Item 1. | Security and Issuer |
This Schedule 13D relates to the common stock, par value $0.01 per share (“Common Stock”), of Imperial Petroleum Inc., a Marshall Islands corporation (the “Company”). The principal executive office of the Company is located at 331 Kifissias Avenue, Erithrea 14561, Athens, Greece. Information given in response to each item below shall be deemed incorporated by reference in all other items below.

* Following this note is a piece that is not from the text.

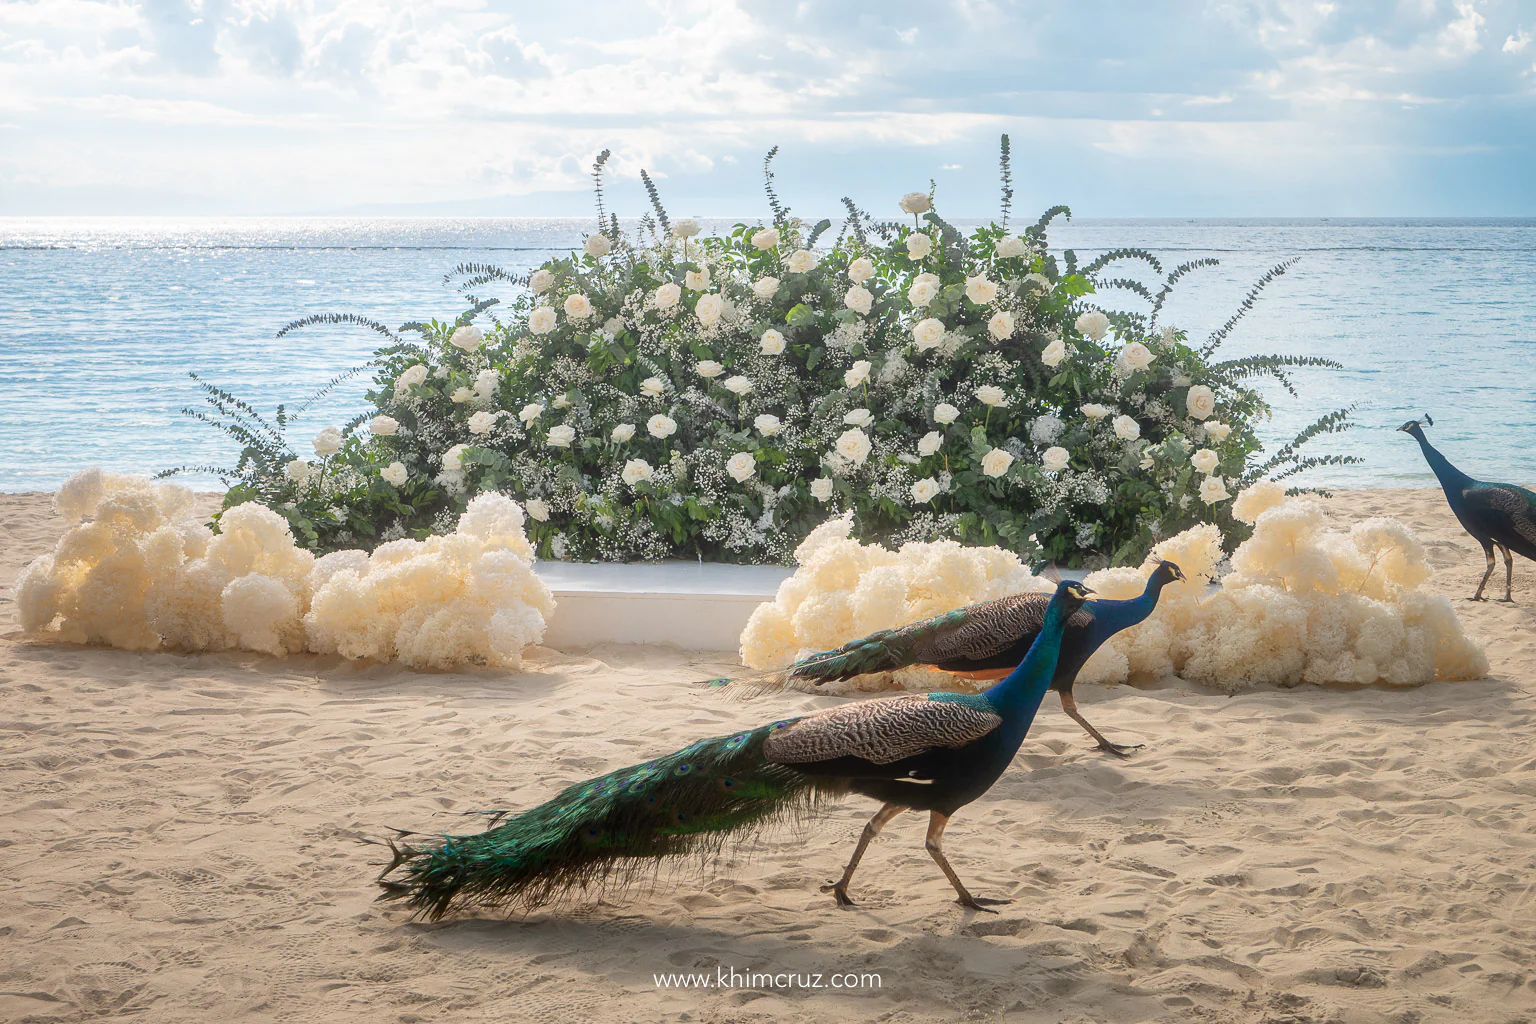 wedding photowall with peacock roaming Malipano island wedding cocktail area

Item 2. | Identity and Background |
(a)-(c), (f) This Schedule 13D is being filed pursuant to a Joint Filing Agreement (attached as Exhibit 1 and incorporated herein by reference) by and between Flawless Management Inc., a Republic of the Marshall Islands corporation (“Flawless”), and Harry N. Vafias in his personal capacity (sometimes collectively referred to as the “Reporting Persons”). The principal business of Flawless is investing in securities. The business address of each of the Reporting Persons is c/o Imperial Petroleum Inc., 331 Kifissias Avenue, Erithrea 14561, Athens, Greece. The sole officer and director of Flawless is Harry N. Vafias who is the Director, President, Secretary and Treasurer of Flawless. Harry N. Vafias is an individual of Greek citizenship who is the Chief Executive Officer, President and a director of the Company and the Chief Executive Officer, President, Chief Financial Officer and a director of StealthGas Inc.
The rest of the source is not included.